Ischemic insult leads to severe disturbance in the
energy metabolism and general mitochondrial functions,
such as mitochondrial protein synthesis and inhibition of
respiratory chain complexes. Mitochondrial dysfunction
is considered one of the key events in ischemic neuronal
cell death, because of its capacity of releasing apoptogenic
proteins. As shown in this laboratory by Racay et al.
(2007, 2008, 2009), IP affects ischemia-induced dysfunction of hippocampal mitochondria in two different ways.
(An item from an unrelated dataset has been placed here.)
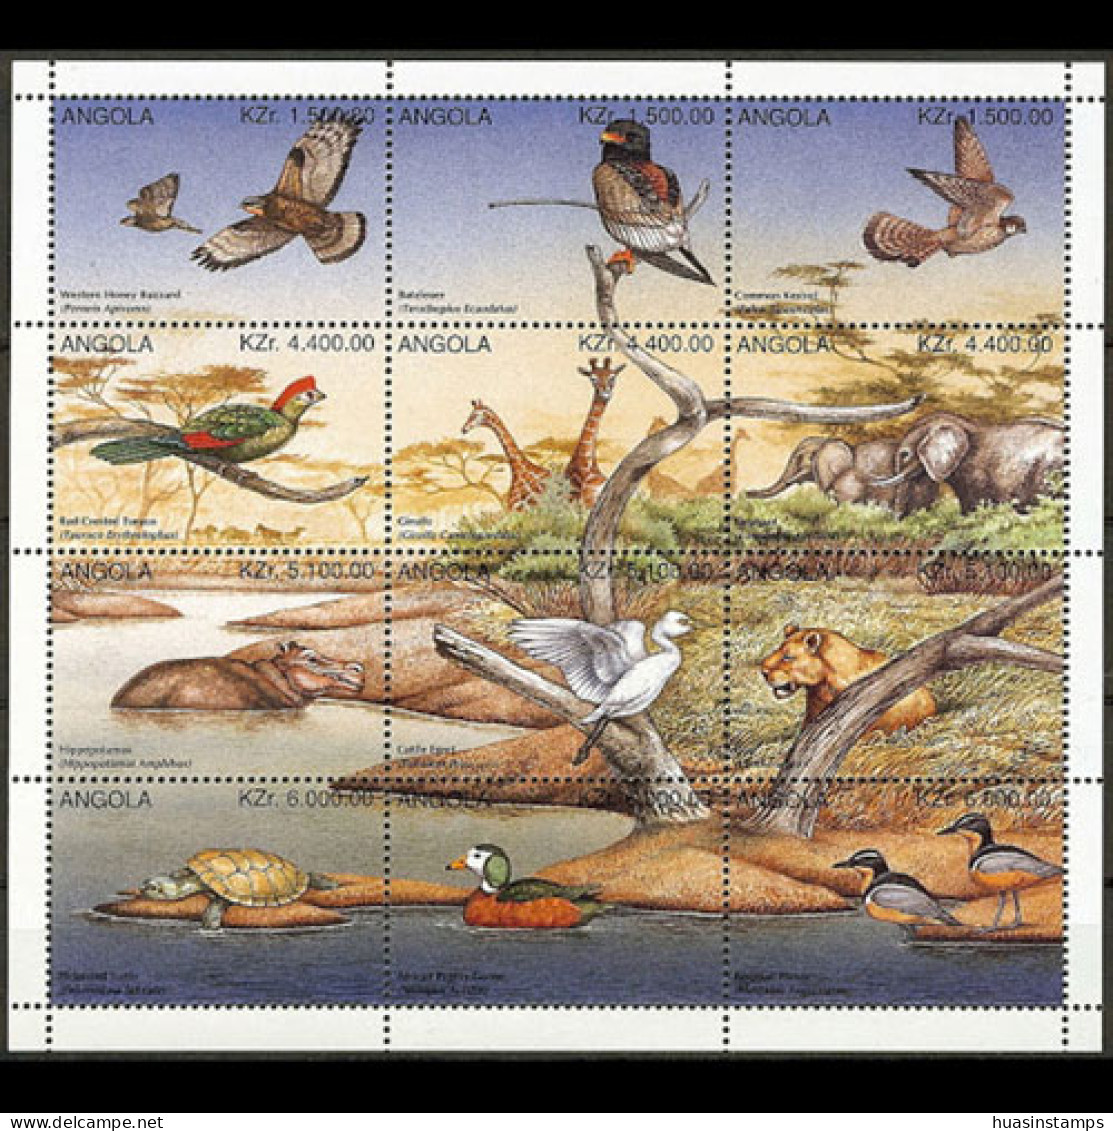 ANGOLA 1996 - Scott# 955 Sheet-Wildlife MNH - Angola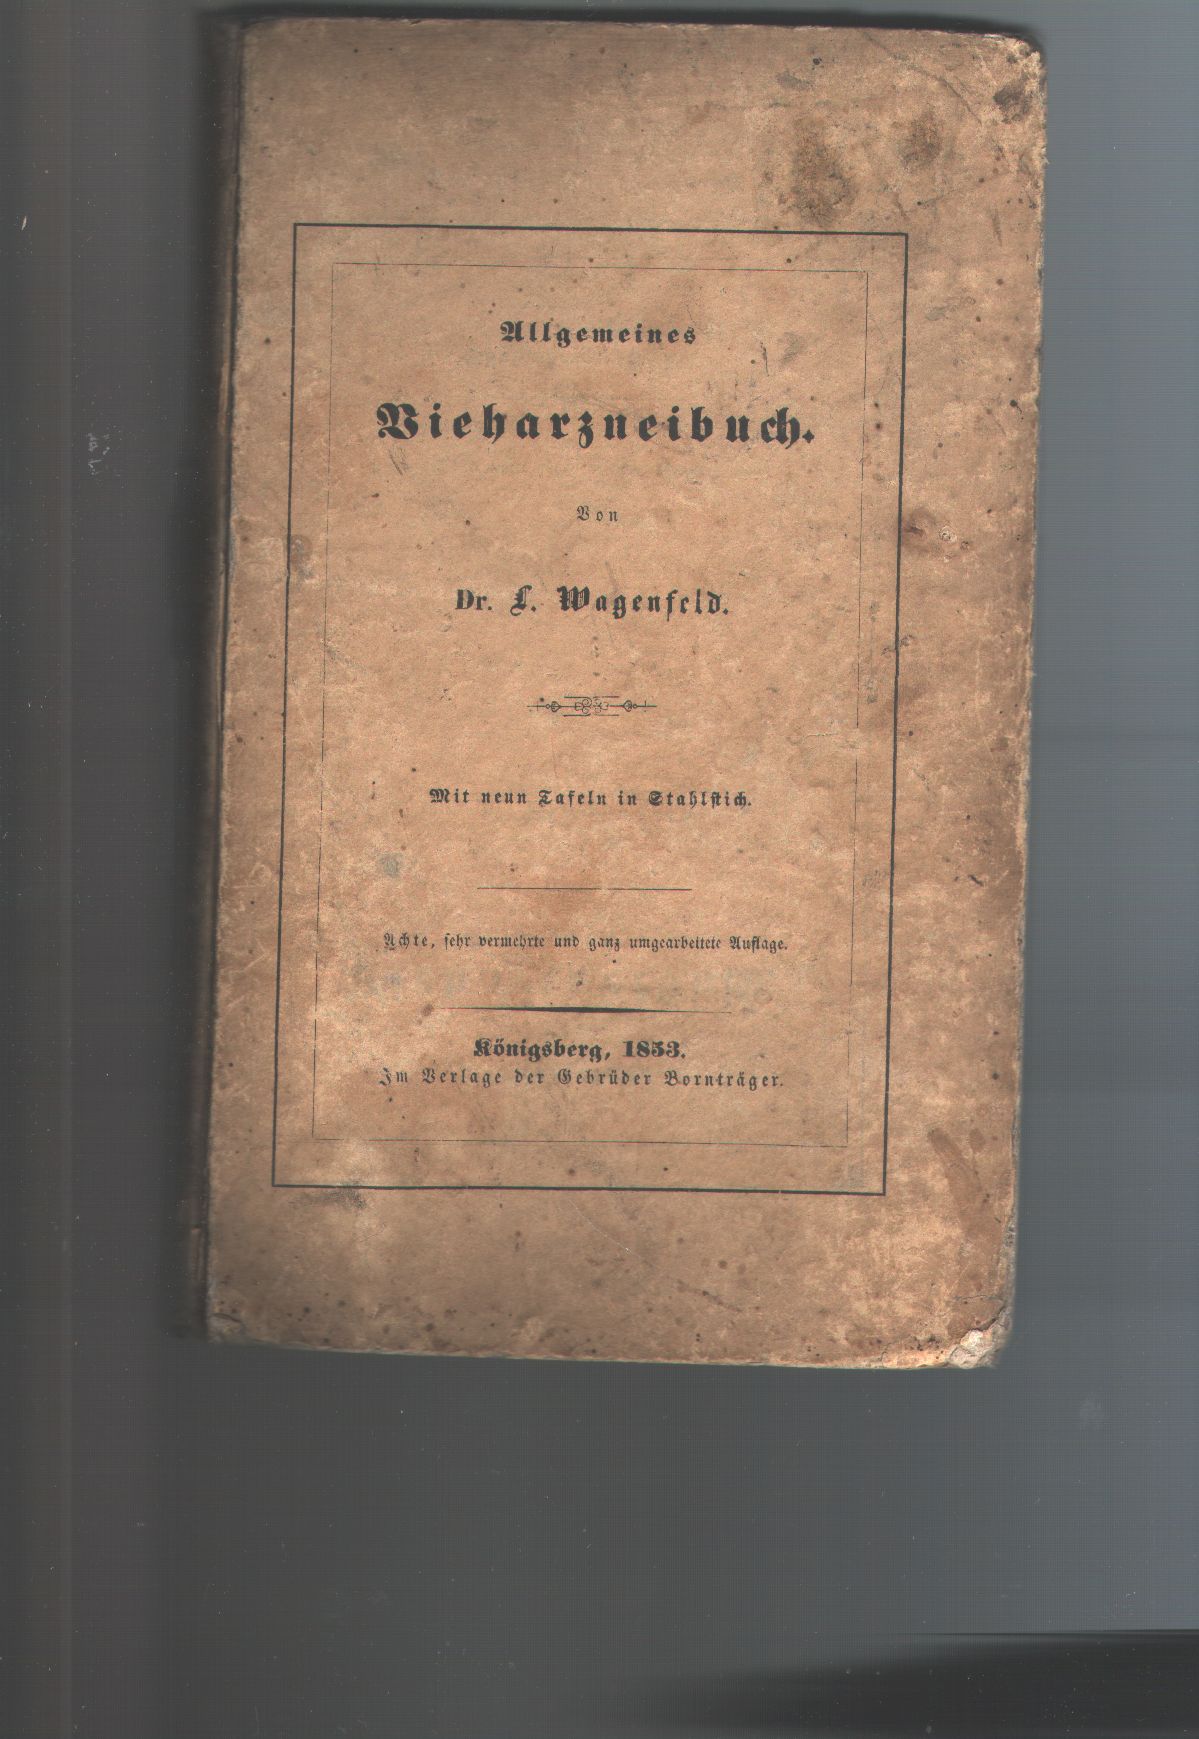 Dr. L. Wagenfeld  Allgemeines Vieharzneibuch

Similar to global proteosynthesis, IP also attenuated the
repression of mitochondrial translation induced during
reperfusion time in hippocampus. However, the activity
of respiratory complex IV was protected by IP only
slightly and the activity of complex I remained depressed.
Despite this, IP partially reduced changes in the integrity
of the mitochondrial membrane, as shown by fluorescent
probe measurement. Apoptotic changes initiated by ischemic insult in the CA1 sector of the hippocampus were
detected by the Fluoro-Jade C staining, detection of the
genomic DNA breaks, translocation of apoptoptic proteins
p53 and Bax. Interestingly, preconditioning abolished mitochondrial apoptosis initiation and translocation of p53
protein largely in the hippocampus but not in the cerebral cortex. The results indicate that both the initiation
and execution of mitochondrial apoptosis can be abolished by preconditioning in the CA1 hippocampal sector
(Racay et al., 2008, 2009).
Ischemic postconditioning is a phenomenon that intermits interruptions of blood flow in the early phase of
reperfusion which can protect an organ from ischemia/
reperfusion injury. These brief periods of ischemia performed just at the time of reperfusion can reduce the
volume of injured tissue. This ‘‘rapid’’ postconditioning is
an effective protective treatment in the case of a heart
infarct (Zhao et al., 2003; Galagudza et al., 2004; Kin
et al., 2004), ischemia of liver (Sun et al., 2004), kidney
(Liu et al., 2007), muscles (McAllister et al., 2008), skin
(Moon et al., 2008) as well as intestinal mucosa (Santos
et al., 2008).
In the CNS, postconditioning increases the neuronal
survival rate and decreases the size of an infarct area
after transient global cerebral ischemia (Pateliya et al.,
2008; Wang et al., 2008), focal ischemia (Zhao et al.,
2006; Xing et al., 2008), spinal cord ischemic injury and
is effective in a rat hippocampal slice model of cerebral
ischemia, too (Scartabelli et al., 2008). Gao et al. (2008)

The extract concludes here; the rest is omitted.